Mailing List Archives Public Access	UW Madison Computer Sciences Department Computer Systems Lab

[Date Prev][Date Next][Thread Prev][Thread Next][Date Index][Thread Index]

[Condor-users] Job disconnected, reconnect Failed, Condor schedules another execution, now I have two of the same jobs running at once

Date: Sun, 15 May 2011 15:31:56 -0400
From: Derrick Karimi <derrick.karimi@xxxxxxxxx>
Subject: [Condor-users] Job disconnected, reconnect Failed, Condor schedules another execution, now I have two of the same jobs running at once

Hi.

I am submitting to a windows pool about 1000 jobs that should in total take about 4 hours.

A small cluster (~20 jobs) complete successfully, but on larger ones that run longer I am seeing some problems, failure rates from 1%-10%. According to the log periodically it is loosing connection:

Grep'd:

000 (13272.000.000) 05/15 01:06:05 Job submitted from host: <10.44.7.143:49187>

001 (13272.000.000) 05/15 04:10:31 Job executing on host: <10.44.7.24:1050>

006 (13272.000.000) 05/15 04:10:39 Image size of job updated: 12540

006 (13272.000.000) 05/15 04:15:38 Image size of job updated: 136788

022 (13272.000.000) 05/15 06:15:39 Job disconnected, attempting to reconnect

024 (13272.000.000) 05/15 06:15:39 Job reconnection failed

001 (13272.000.000) 05/15 06:15:41 Job executing on host: <10.44.7.24:1052>

005 (13272.000.000) 05/15 06:15:50 Job terminated.

Detail:

...

022 (13272.000.000) 05/15 06:15:39 Job disconnected, attempting to reconnect

Socket between submit and execute hosts closed unexpectedly

Trying to reconnect to condor-05.lggm.llc <10.44.7.24:1050>

...

024 (13272.000.000) 05/15 06:15:39 Job reconnection failed

Job disconnected too long: JobLeaseDuration (1200 seconds) expired

Can not reconnect to condor-05.lggm.llc, rescheduling job

then it gets rerun

...

001 (13272.000.000) 05/15 06:15:41 Job executing on host: <10.44.7.24:1052>

...

005 (13272.000.000) 05/15 06:15:50 Job terminated.
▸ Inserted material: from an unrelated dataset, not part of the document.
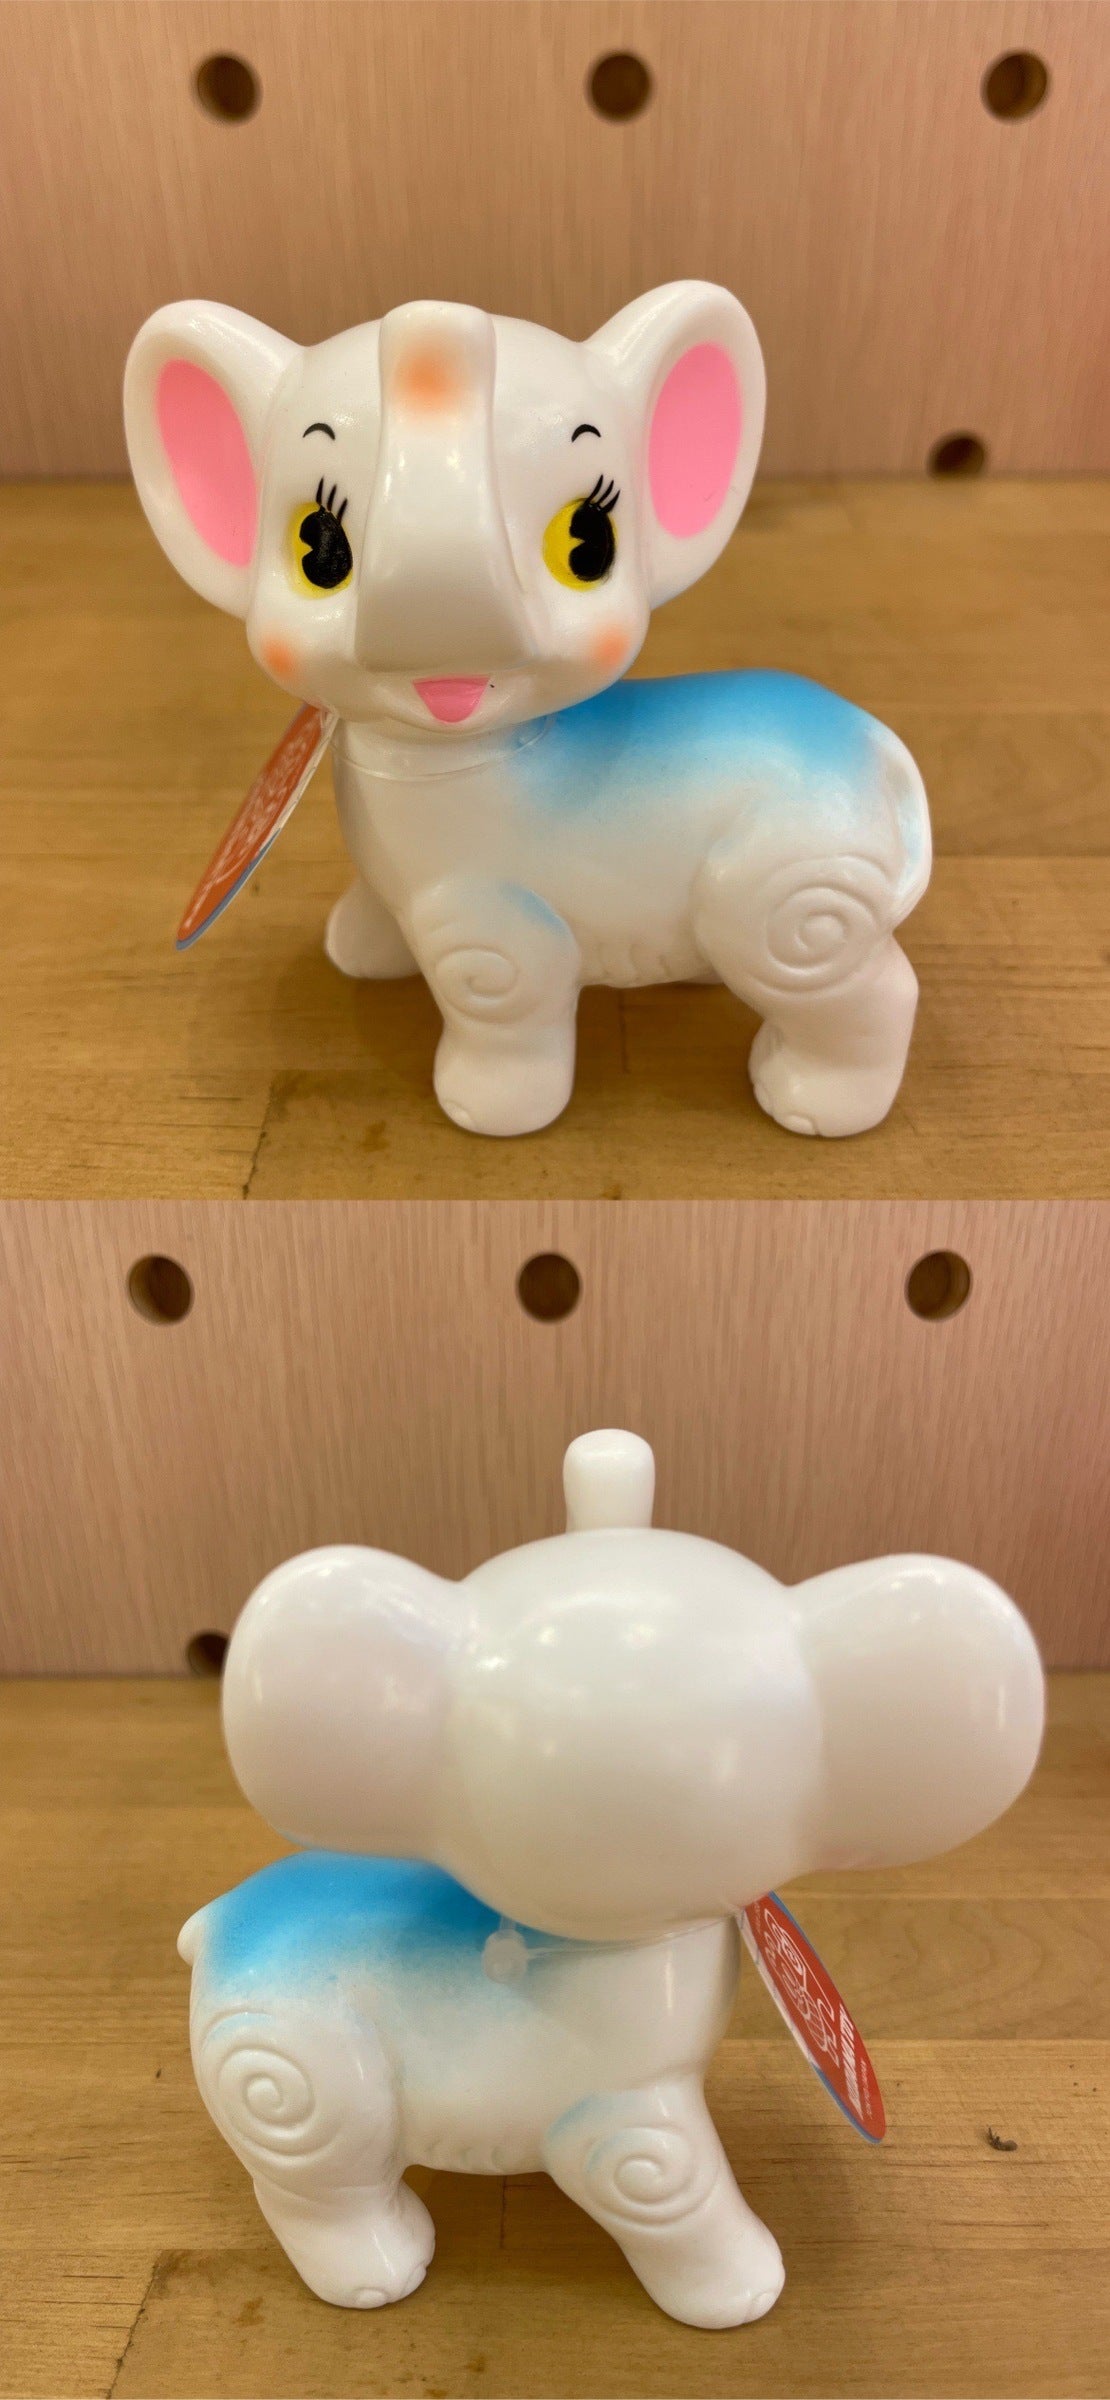 Kodama Toy Elephant - KOD-51

(1) Normal termination (return value 0)

Usr 0 00:00:00, Sys 0 00:00:00 - Run Remote Usage

Usr 0 00:00:00, Sys 0 00:00:00 - Run Local Usage

Usr 0 00:00:00, Sys 0 00:00:00 - Total Remote Usage

Usr 0 00:00:00, Sys 0 00:00:00 - Total Local Usage

884 - Run Bytes Sent By Job

1136 - Run Bytes Received By Job

884 - Total Bytes Sent By Job

1136 - Total Bytes Received By Job

My problem is that the job outputs to file that is on a shared filesystem. And from my own application's log, I can tell that there are two of them running at the same time. Both of them try to access the output file and one of them fails.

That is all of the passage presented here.